I wish I can hurt him the way he hurts me. But I know that if I had the chance to do it... I wouldn't even think about doing it...

Because I still care about him.

And that's the worst part.

Drowning in my deep thoughts, someone knocked on my door. I didn't need to think twice, it's surely Piper because she's the only person in the house beside me.

My parents haven't come home since yesterday, and honestly, that doesn't surprise me anymore.

My sister is probably going to ask me if I want to eat, because she felt that something is going wrong, I just didn't have the courage to tell her.

So when I told her I didn't want to eat, she still entered the room. I was shocked because she never does that. When I turned to tell her to leave me alone, I saw him... the only person I didn't want to see at that moment.

He sat next to me on my bed, so I just stood up and decided to leave but he stopped me.

I know I have to face him at some point, but i'm not ready yet. I can't do it! I don't want to do it.

Martinus:" Maria, you can't avoid me forever."

Maria:" Try me!"

Martinus:" I can explain. The thing is..."

Maria:" You don't have to! Whatever the reason is, I don't care! Because of you, Lola insulted me again in front of everyone. And I think you asked me to dinner because you wanted me to feel better, not worse."

Martinus-:" I couldn't take it! I saw you and Marcus dancing so I thought you were a thing and that you were hiding it from me. I was jealous, okay? But Marcus told me what happened and I feel terrible right now."

I stared at him for a second then walked away. He was jealous?  Does that mean he... likes me?

But does it really matter right now?

He still doesn't understand that I'm damaged, that I have struggled, that I can no longer trust anyone in my life, because everyone always leaves and hurts me.

At this point, I don't care if Martinus made me suffer on purpose or not. What's done is done, and I never give a second chance.

I'm not a drama queen, i'm just a girl who had been strong for a long time. But the truth is, she can't take it anymore.

Maybe Lola is right, i'm really useless and pathetic. Sadness became my one and only friend, and to be honest, I don't like this feeling, and I never will.

At the moment when my foot stepped outside my bedroom, I looked at Martinus one last time and said:

"You have ten seconds to leave my house. And here's a tip: don't enter my life if you can't handle it."

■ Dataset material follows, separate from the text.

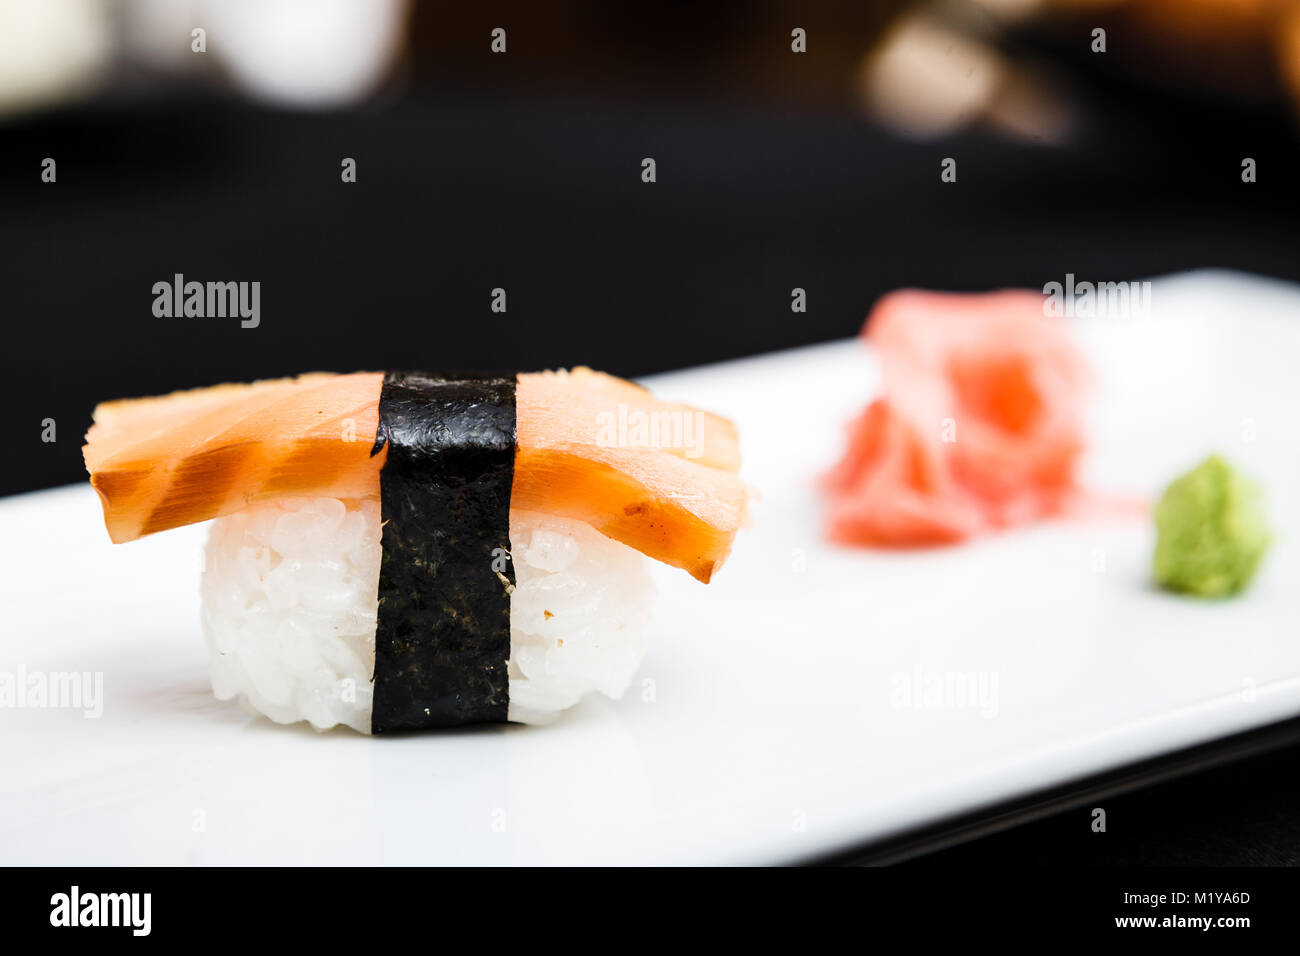 Smoked salmon sushi served on a plate Stock Photo

Martinus-:" Forgive me, forgive this fool. Sorry that I acted so cruel, that I didn't trust you, I realized that I like you, a lot. Let's start new!"

Start new? If only you can easily forget about what hurt you.

I never knew this was going to end like this. In my head, everything seemed to be so perfect. But now I realized that my life was better without any friends.

And what about my writing and singing career? I think I can figure things out on my own. I never needed anyone to help me, so i'll work alone. But "if" I wanted someone by my side, to tell me that everything will be okay, I know where i'll find him. Marcus has proven that he really deserves my friendship.

But for now, I'm better on my own.

Piper asked me what was wrong. I know she wants to help, but there are some things even sisters can't share.

But I did tell her that I will quit working with Marcus and "the other twin". She was surprised at first, but she can't force me to do anything.

I just wish my happiness lasted longer.

Why does sadness last forever, while happy moments are just temporary?

It's hard, really hard, saying goodbye to someone you wish to spend your lifetime with.